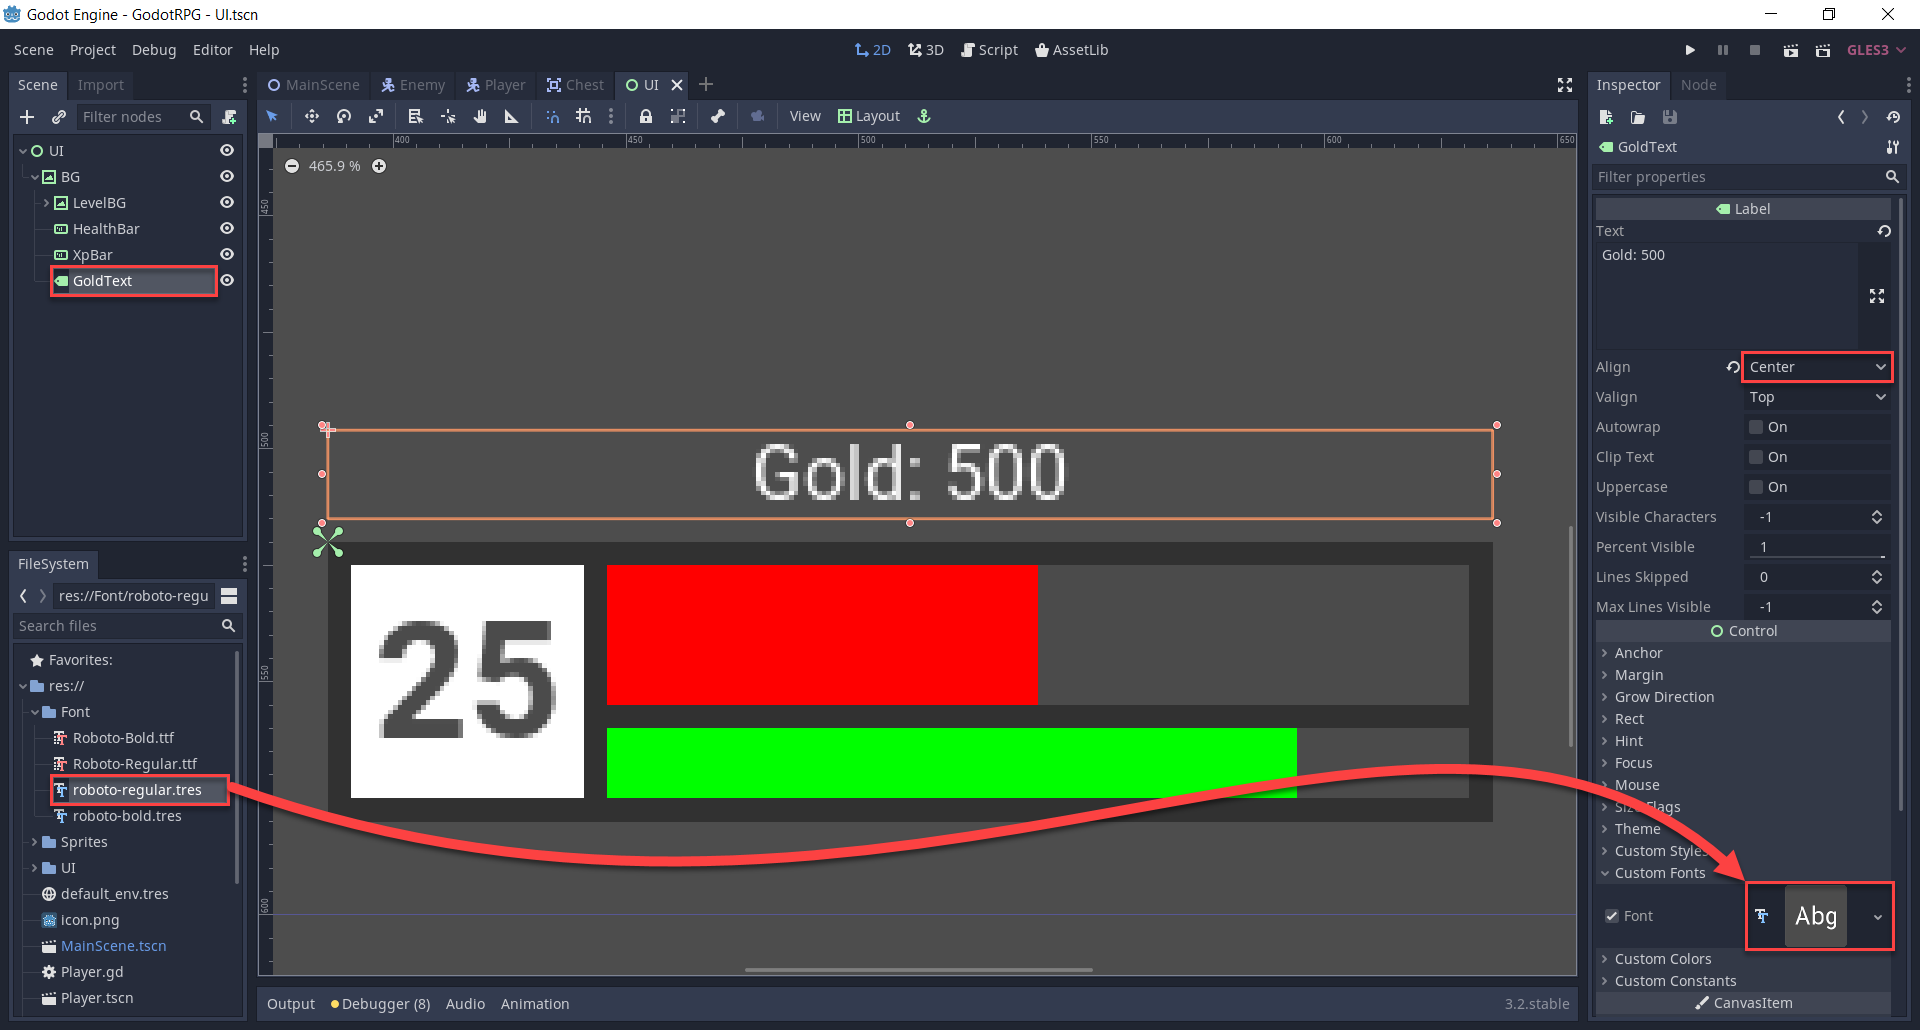 Godot UI with Text for gold amount added
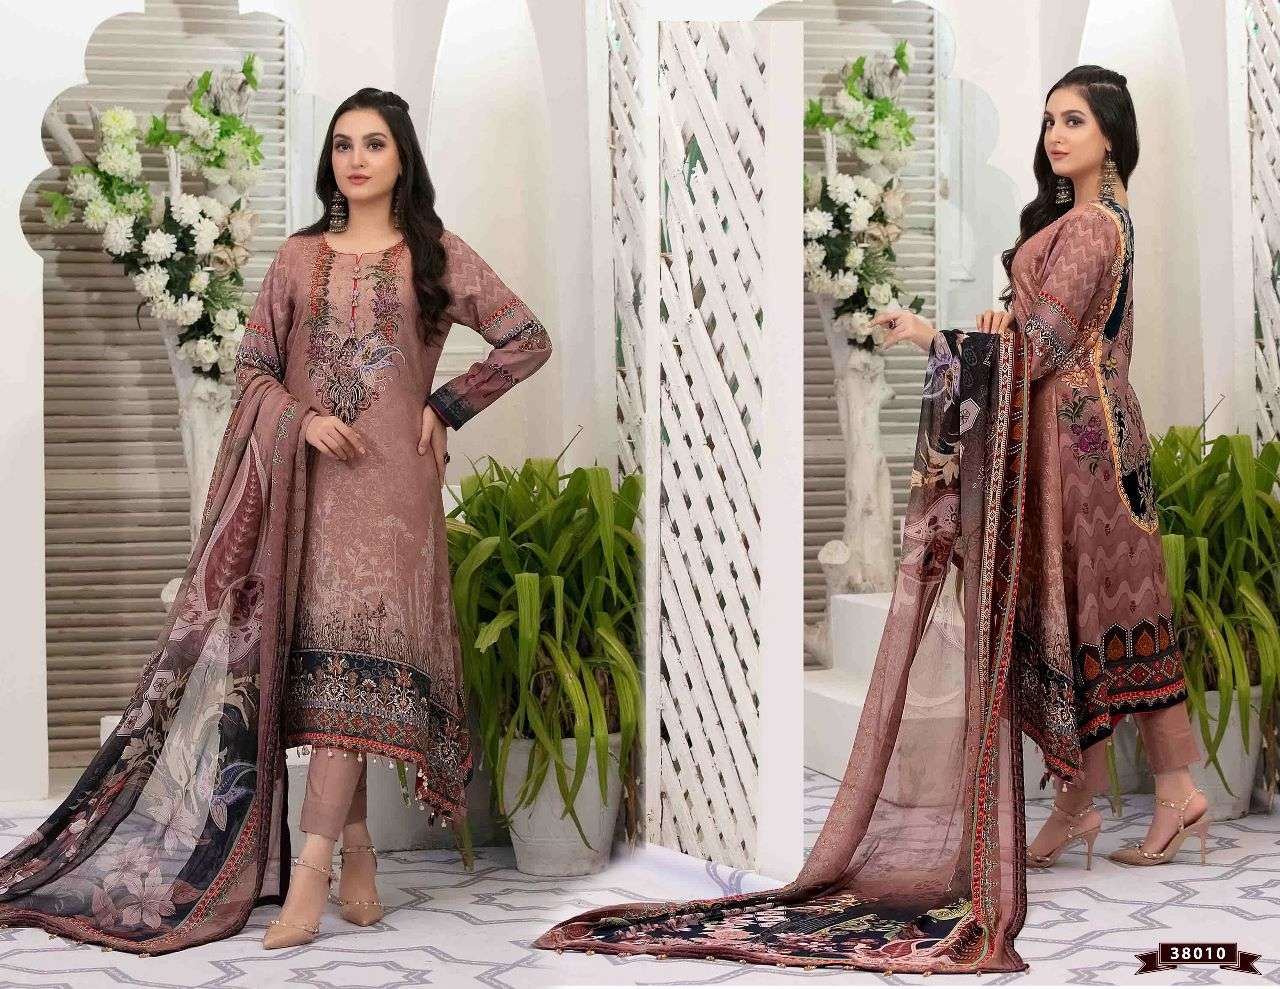 RAZIA SULTAN VOL-38 BY APANA COTTON 38001 TO 38010 SERIES BEAUTIFUL SUITS COLORFUL STYLISH FANCY CASUAL WEAR & ETHNIC WEAR COTTON DRESSES AT WHOLESALE PRICE
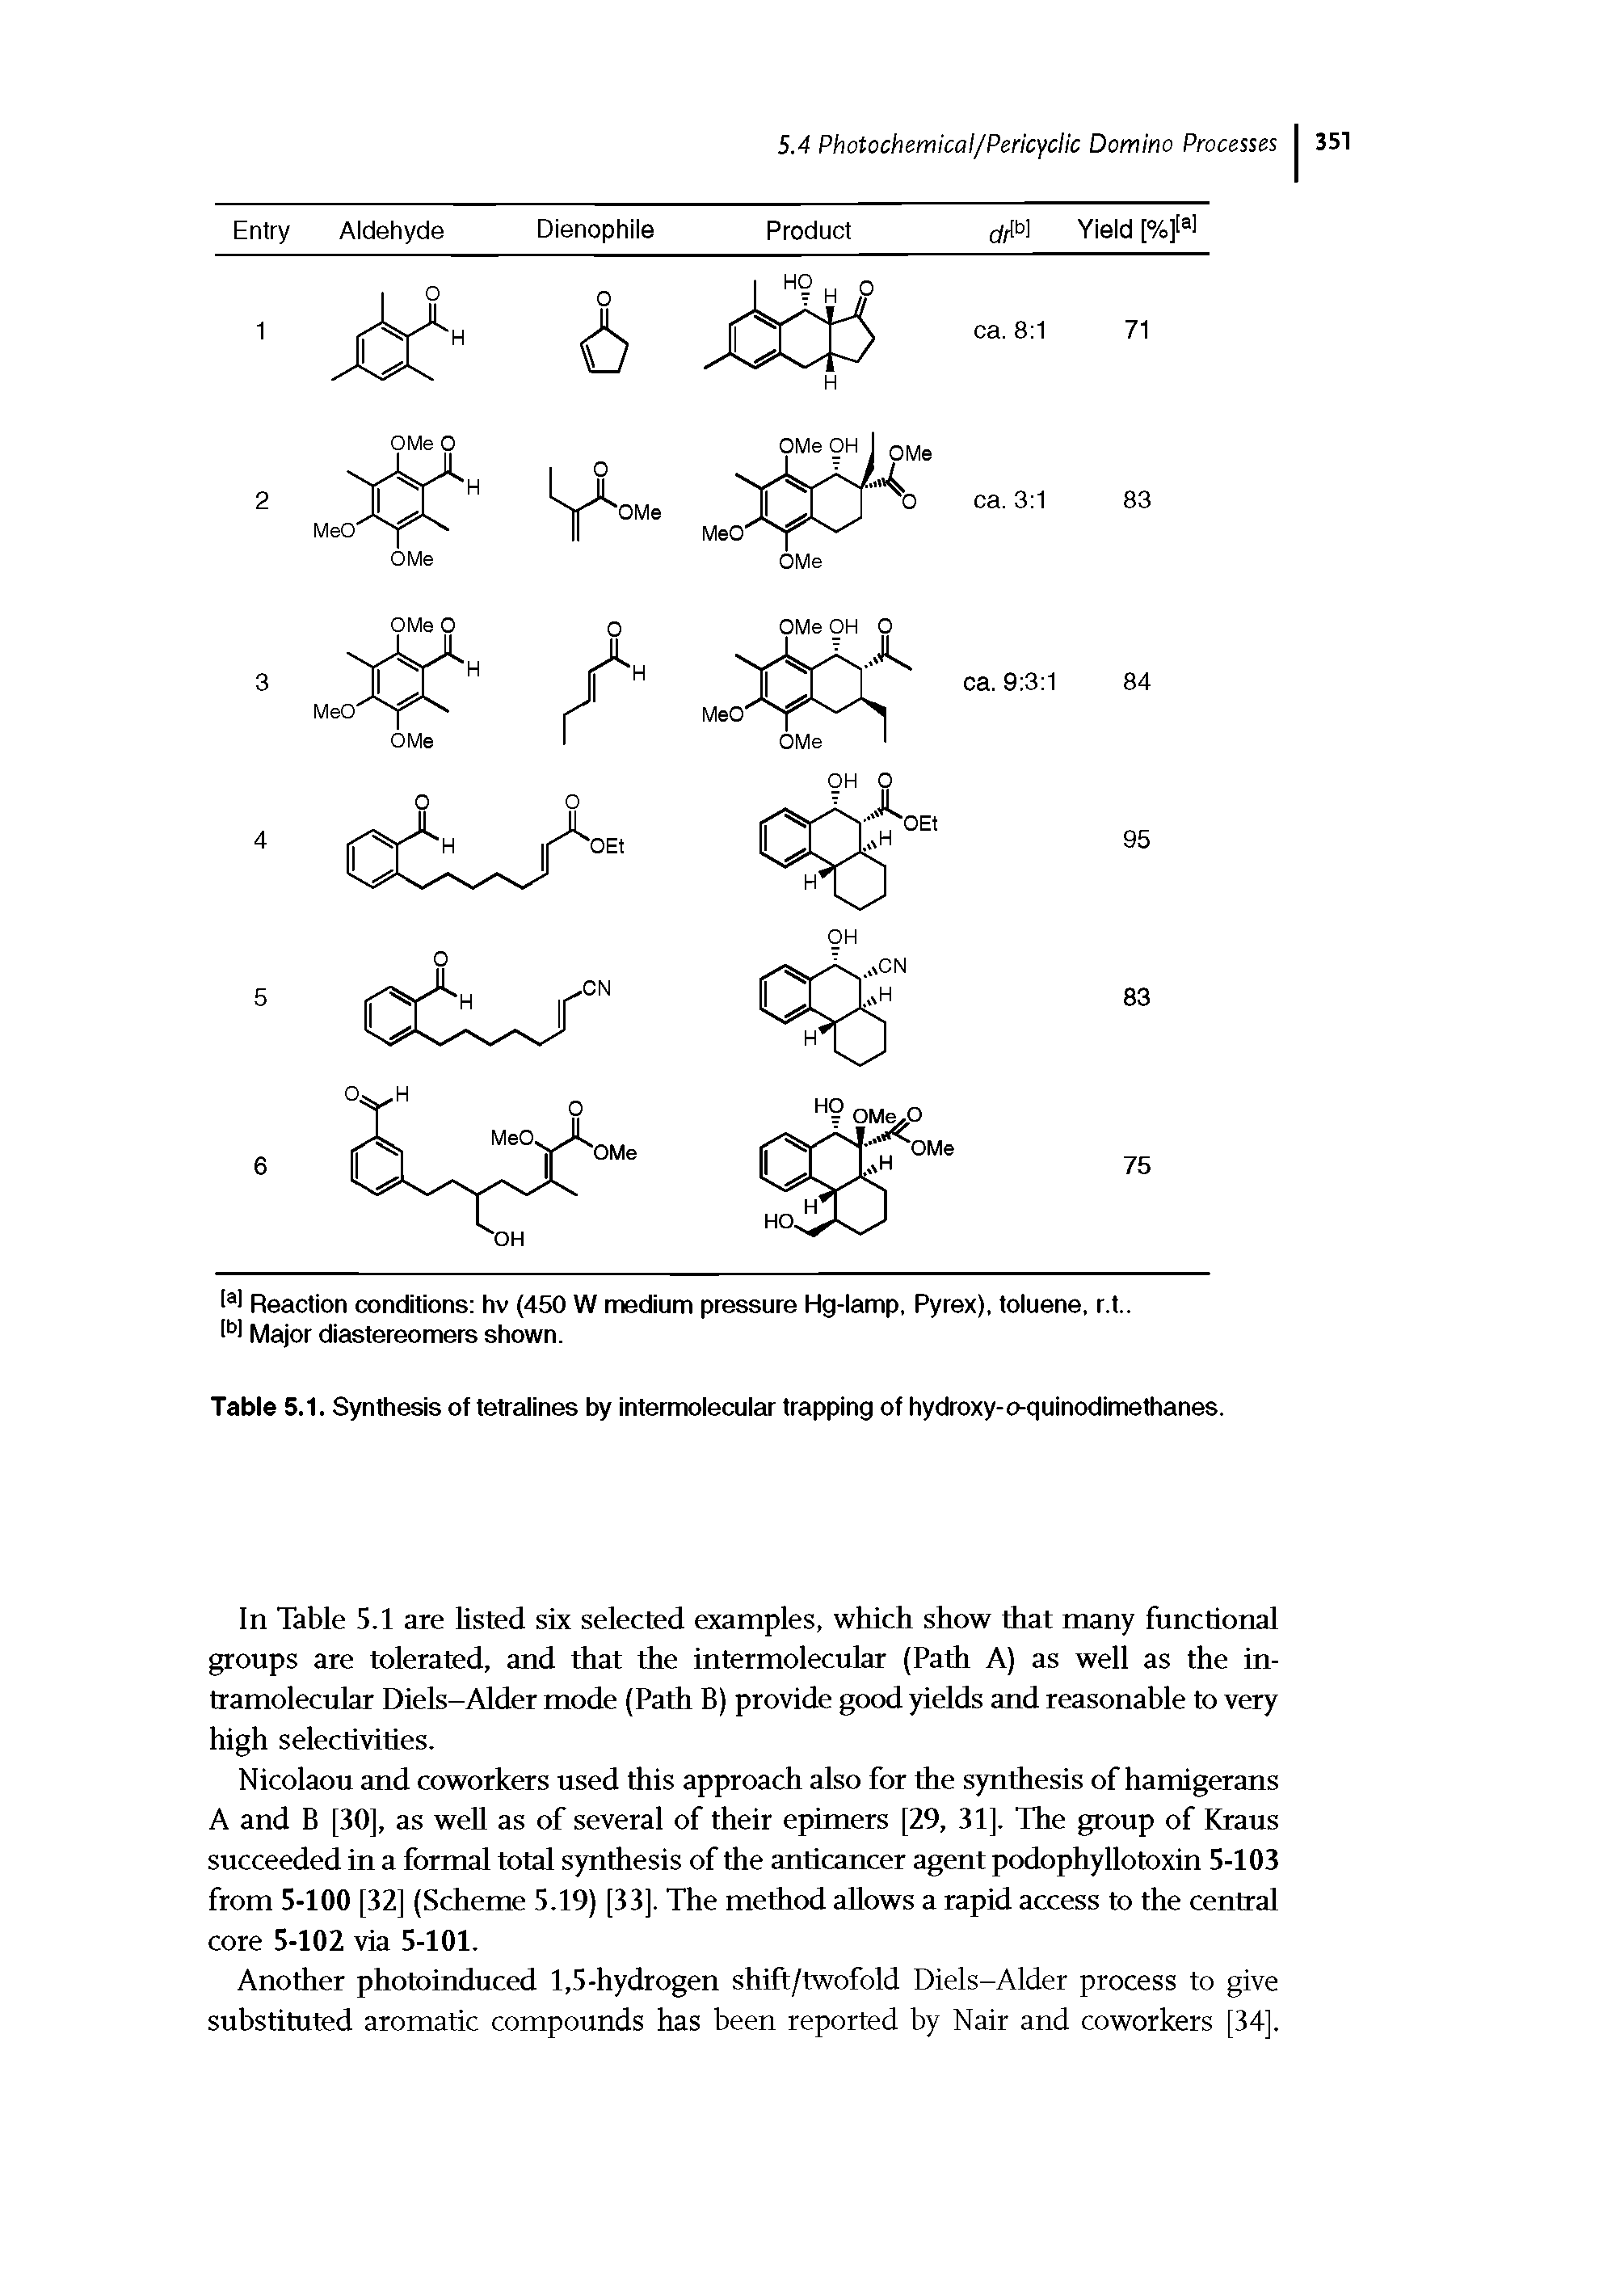 Table 5.1. Synthesis of tetralines by intermolecular trapping of hydroxy-o-quinodimethanes.
──────────
WHAT TO WORK ON = Print the material exactly as given, but not the pictures.

EXERCISE ANSWER =
 Godot UI with Text for gold amount added
 RAZIA SULTAN VOL-38 BY APANA COTTON 38001 TO 38010 SERIES BEAUTIFUL SUITS COLORFUL STYLISH FANCY CASUAL WEAR & ETHNIC WEAR COTTON DRESSES AT WHOLESALE PRICE
 Table 5.1. Synthesis of tetralines by intermolecular trapping of hydroxy-o-quinodimethanes.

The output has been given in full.